For a franchise fraught with flawed yet fascinating prequels/sequels (The Exorcist III; Dominion), wonky weirdness, mishandled madness (Exorcist II: The Heretic), mind-numbing mediocrity (Exorcist: The Beginning) and multiple versions, it has all been often, oddly interesting. Now, producer Jason Blum and writer/director David Gordon Green’s attempt to do justice to William Peter Blatty’s novel and William Friedkin’s original film with side-step sequel/franchise reboot, The Exorcist: Believer, but tragically flub it right up.
Peter Satler and Gordon Green’s script starts strong in Port-au-Prince, Haiti, where a holidaying couple, pregnant with their first child, are injured in an earthquake. The story picks up thirteen years later in Percy, Georgia with single father Victor (Leslie Odom Jr.) and his daughter Angela (Lidya Jewett). When Angela and her friend Katherine (Olivia O’Neill) are found in a farmhouse, after missing for three days, the girls start showing signs suggesting they might be possessed. Victor and Katherine’s parents seek help outside the medical profession when doctors are confounded, so contact exorcism expert Chris MacNeill (Ellen Burstyn) for advice.

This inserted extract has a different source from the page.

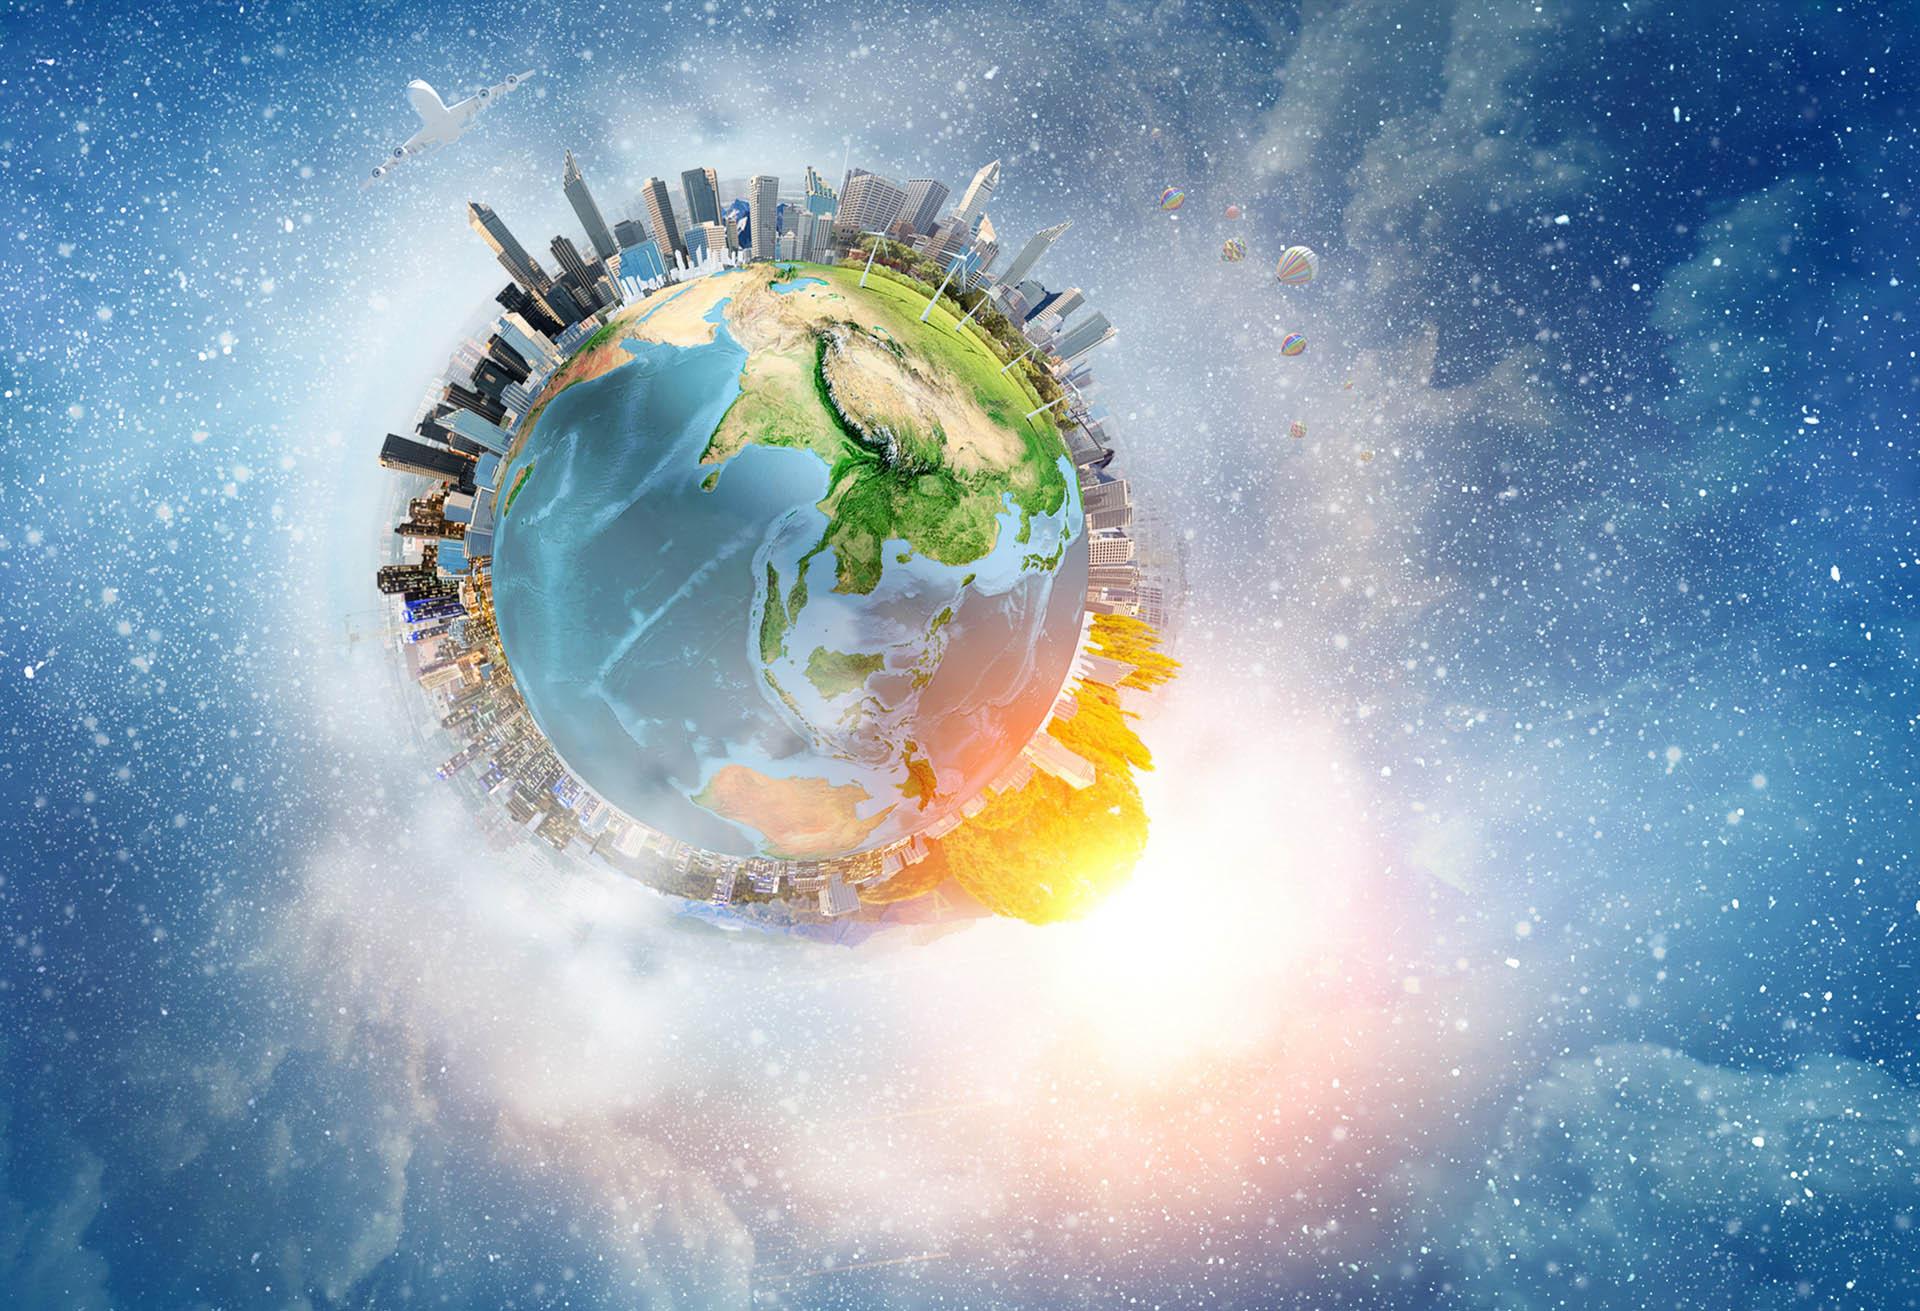 日前,十九届中央委员会第三次全体会议研究了深化党和国家机构改革问题,提出改革自然资源和生态环境管理体制。实行最严格的生态环境保护制度,构建政府为主导、企业为主体、社会组织和公众共同参与的环境治理体系。设立国有自然资源资产管理和自然生态监管机构,完善生态环境管理制度,统一行使全民所有自然资源资产所有者职责,统一行使所有国土空间用途管制和生态保护修复职责,统一行使监管城乡各类污染排放和行政执法职责。  十八大以来,党中央、国务院就推进生态文明建设已经作出一系列决策部署,提出了创新、协调、绿色、开放、共享的新发

An intriguing first half boasts nifty plot turns, unique locales, and subtle hat-tips to the original, but The Exorcist: Believer deteriorates into bunkum when genre chestnuts, drudge dialogue, and marred drama/horror resound like ill-conceived DTV trite, doing away with what came before it. Some jump-scares strike and the cast do their best, but The Exorcist: Believer feels too by-the-numbers, and does a major disservice to the original by coddling a key plot point. While this may not be the most irrefutably turgid Exorcist film, it all too often feels like it, and is certainly the most squandered and monotonous.